Deux accords nous paraissent plus positifs du point de vue ou nous nous sommes placés. L’accord de Pharmachim, tout d’abord, appelle clairement de ses vœ ux les cadres à progresser sur la voie d’une adaptation de leurs nouveaux horaires à la charge de travail :

" L’horaire réel de travail du personnel d’encadrement, récupérations incluses, doit être aussi proche que possible de l’horaire conventionnel. Diverses voies ont été évoquées lors des négociations : privilégier l’organisation du travail par la prise régulière de JARTT ("s’habituer à travailler autrement") ; favoriser la délégation ; réaliser des embauches ; en fonction de la durée prévisible de la réunion, s’interdire de fixer des rendez-vous et des réunions après 17 heures pour le personnel à la journée ou 2 heures avant la fin du poste pour le personnel posté ; mettre en œuvre des "bonnes pratiques de réunion" (respect des horaires, préparation, utilisation des moyens de communication à disposition...)". Certes, le renvoi des cadres à leur

propre responsabilité dans l’organisation du changement de la norme temporelle de travail a l’avantage ici d’être explicite et non plus, comme dans les accords précédents, en filigrane des discours. Toutefois, certaines préconisations, notamment celles associant embauches et délégation, ouvrent une voie d’adaptation intéressante du temps de travail à l’activité.

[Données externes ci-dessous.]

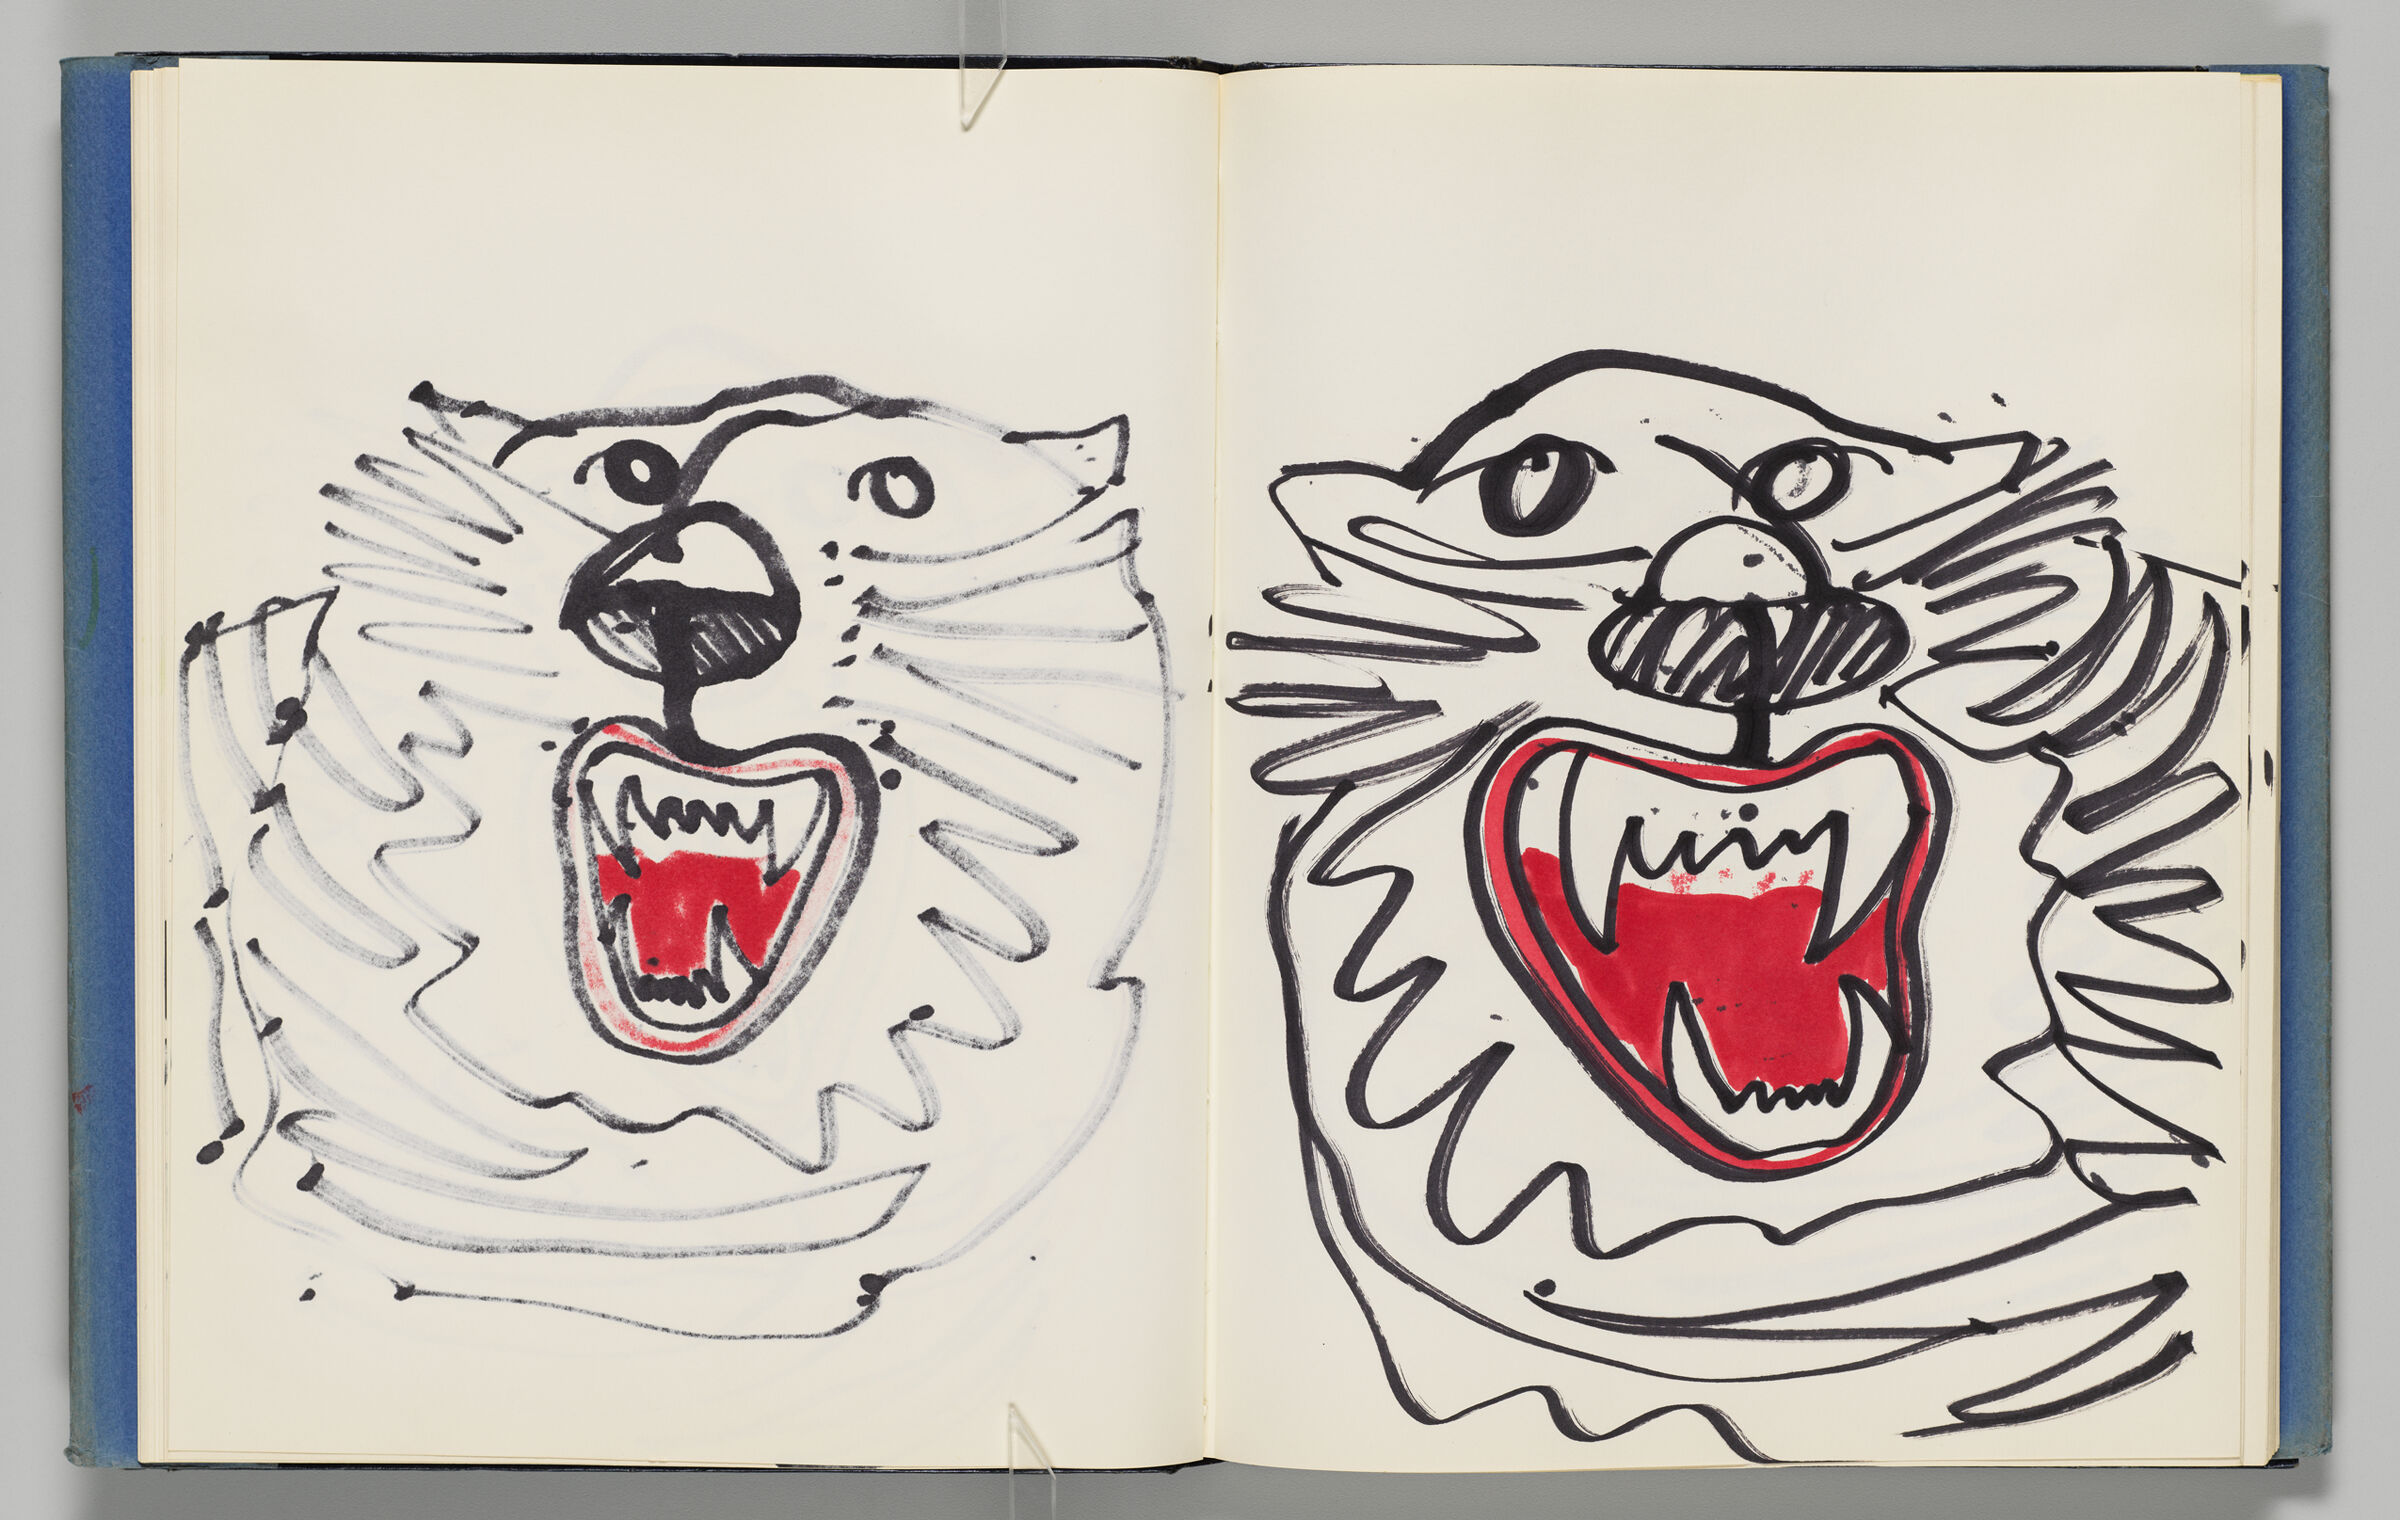 Untitled (Bleed-Through Of Previous Page, Left Page); Untitled (Tiger, Right Page)

La société Expersoc va beaucoup plus loin dans cette voie, mais en utilisant des méthodes très différentes. Ici, l’activité du cadre est directement liée à la charge de travail

objective qu’il doit supporter pour "mériter" son salaire. Des gains d’organisation sont évidemment toujours possibles, qu’ils interviennent dans la pratique du travail individuel ou dans le fonctionnement du travail collectif du cabinet. Toutefois, sachant que la durée moyenne du travail, avant accord, avoisinait 45 heures, ramener le temps de travail à une durée proche de 35 heures, toutes choses égales par ailleurs, aurait théoriquement nécessité une réduction de la charge de travail équivalente à la RTT, soit de 22%. Les partenaires sociaux ont précisément négocié sur la charge de travail : "il est en effet apparu nécessaire aux parties signataires :

d’améliorer les conditions et la charge du travail des cadres opérationnels ; de réorganiser en profondeur le cabinet, notamment par le temps de travail, afin d’améliorer ses prestations et de favoriser la croissance de ses activités". La négociation a débouché sur une réduction

substantielle des objectifs individuels de production : "la direction s’engage à tenir compte

de cette réduction de 10% du temps de travail dans la fixation des objectifs individuels, (actuellement 195 jours par an, facturés ou valorisés comme tels par le supérieur hiérarchique, pour un cadre opérationnel à temps plein). Ces objectifs seront réduits dans les proportions et selon le calendrier ci-dessous pour tenir compte des changements liés à la mise en oeuvre de la réduction du temps de travail et pour donner les meilleures conditions de réussite et d’intégration des nouveaux embauchés (base 195 jours par an) :

1997 : moins 12% prorata temporis à compter de l’entrée en vigueur de la nouvelle durée annuelle du travail et à condition qu’elle soit effective avant le 15 avril 1997 ;

1998 : moins 11%

1999 et après : moins 10%".

A notre connaissance, peu d’accords d’entreprise ont tendu à viser d’aussi près le facteur constitutif le plus déterminant du temps de travail des personnels d’encadrement ; il est vrai aussi que l’on se trouve ici dans une sorte système de production à la tâche qui permet d’établir un rapprochement tout a fait direct et probant entre le temps passé (et payé) et la valeur d’échange du produit sur le marché. Il s’agit donc d’une exception.